AVRUPA Birliği'nin Türkiye ile ilgili raporlarında azınlıkların dini özgürlükleri ile ilgili olumsuz ifadeler sık sık yer alıyor.
Çarşamba günü açıklanacak olan İlerleme Raporu'nda da bu konuda daha fazla olumsuz ifadelerin yer almaması için bürokratların kayda değer çabaları oldu.
Sessiz sedasız yürütülen bu çalışmalarda, bir önemli eşik de kısa süre önce aşılabildi.
Türkiye'de faaliyete gösterecek olan kiliselerin dernekleri ile yapılan uzun görüşmeler anlaşmayla sonuçlandı.
Kilise derneklerinin tüzüklerindeki, Türkiye'nin laiklik anlayışı ile çelişkili durumlar doğurabilecek, emsal oluşturabilecek bazı maddeler her iki tarafın da uzlaşmacı çabalarıyla ortadan kaldırıldı.
'HIRİSTİYANLIĞI YAYMA' SORUNU
Sorun daha çok Antalya'da hizmete girecek olan Almanca konuşanlara hizmet verecek Aziz Nikolaus Kilisesi ve yoğun olarak Amerikalıların desteğini alan Aziz Saint Paul Kilisesi ile ilgiliydi.

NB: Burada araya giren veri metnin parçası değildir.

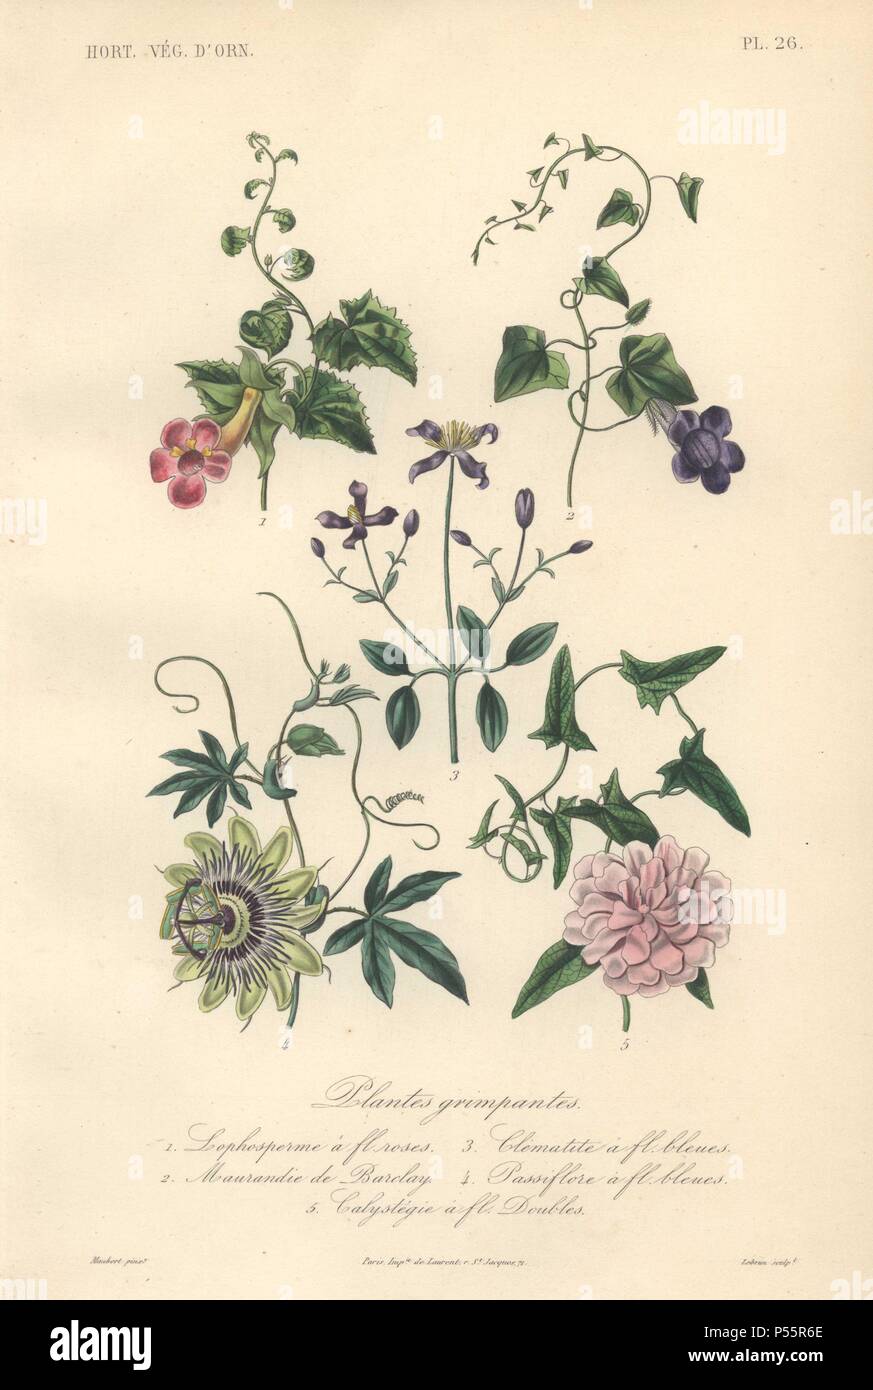 Five climbing plants including pink foxglove (Lophospermum), blue angel's trumpet (Maurandya barclayana), blue clematis (Clematis), blue passionflower (Passiflora), and pink double bindweed (Calystegia). . . Plantes grimpantes: 1) Lophosperme a fleurs roses 2) Maurandie de Barclay 3) Clematite a fleurs bleues 4) Passiflore a fleurs bleues 5) Calystegie a fleurs doubles . . Handcolored lithograph drawn by Edouard Maubert from Herincq's 'Le Regne Vegetal' 1865. Stock Photo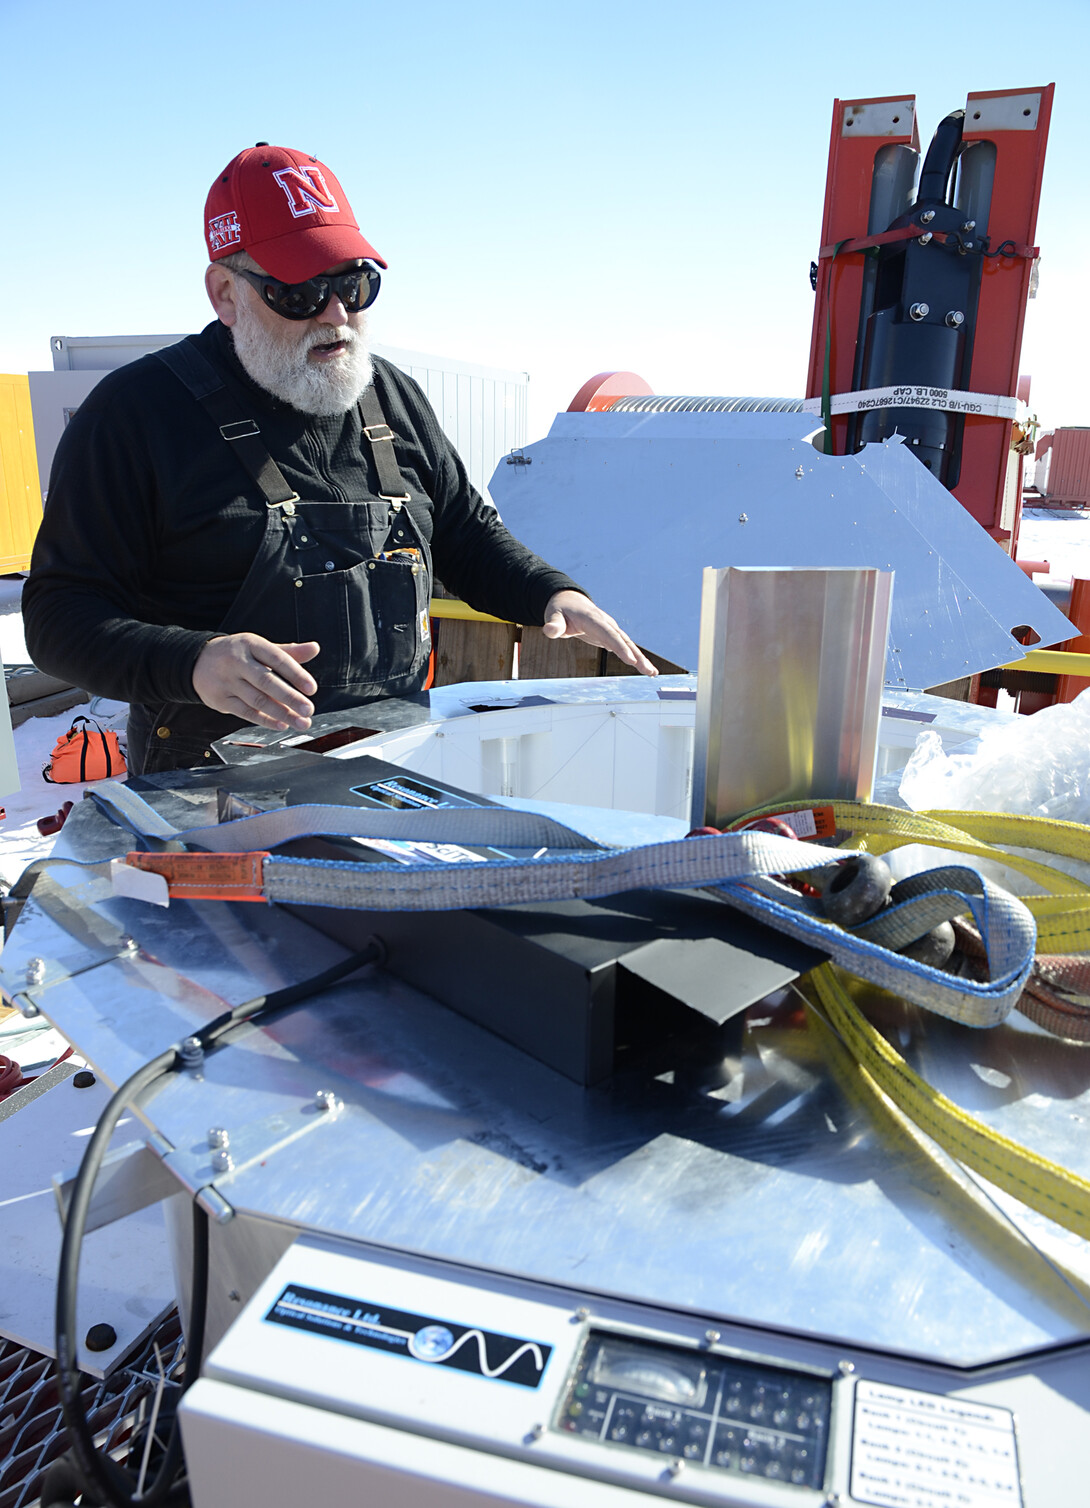 During December testing of the drill, Frank Rack explains the operation of the drill's UV collar used ot decontaminate hoses and cables to be deployed downhole.

Turistler ve Türkiye'de yerleşik yabancılara yönelik, hastane ve cezaevlerinde ruhani destek vermek, kurallara uygun defnedilmeyi sağlamak; Tanrı'yı yüceltmek, Hıristiyan inancını büyütmek, İsa'ya şükran dolu bağlılıkla insanlığa hizmet etmek amaçlarıyla kurulan derneklerin adları, "Aziz Saint Paul Kilise Derneği" ve "Aziz Nikolaus Kilisesi Derneği" diye konunca ilk sorun ortaya çıktı.
Devlet, eşdeğer Türk derneklerinin "Cami yapma ve yaşatma dernekleri" adıyla hizmet ettiğini belirterek isimlerin böyle düzenlenmesini istedi.
Ancak, daha sonra bu itirazdan vazgeçildi.
Asıl itiraz derneklerin tüzüklerindeki iki maddeye yapıldı, bu nedenle de ilk tüzükler kabul edilmedi.
Maddelerin ilki "Hıristiyan dinini yayma" amacıyla ilgiliydi.
Bunun Türkiye'nin laik sistemi ve Dernekler Kanunu'nun "Din ve mezhep farklılığına dayalı dernek kurulamaz" şeklindeki 5'inci maddesiyle çeliştiği anımsatılarak cami derneklerine de bu hakkın tanınmadığı anlatıldı.
Dernek yönetimleri ise, "Dünyadaki bütün kilise derneklerinin bu amacı vardır" gerekçesiyle geri adım atma konusunda direniş gösterdiler.
Ancak, uzun görüşmelerin ardından, dernek yöneticileri ikna edilebildi.
PAPAZA NİKAH HAKKI
İkinci sorun da en az birincisi kadar tartışmalı oldu.
Tüzükler kiliselerde medeni nikah kıyılmasına da olanak veriyordu.
Bürokratlar Türkiye'nin bu konudaki hassasiyetlerini anlatmak için çok büyük zaman ve emek harcadılar.
Dernekler ise kilisenin ana hizmetlerinden biri olan nikah törenlerinden vazgeçmesinin düşünülemeyeceğinde ısrar ettiler.
Oysa bu maddenin kabulü, imam nikahının da kabulü anlamına geliyordu.
Karşılıklı görüşme ve yazışmalar ancak yakın zamanda bitirilebildi.
Burada dernek yöneticilerinin anlayışlı tutumu etkili oldu.
Görüşmeleri yürüten bürokratlar da bu hakkı teslim ediyor.
Böylece kendilerine bağlı şube kiliseler açma hakkına da sahip olan her iki kilise yakında hizmete girme şansını yakalarken, cami imamına verilmeyen hak, kilise papazına da tanınmadı.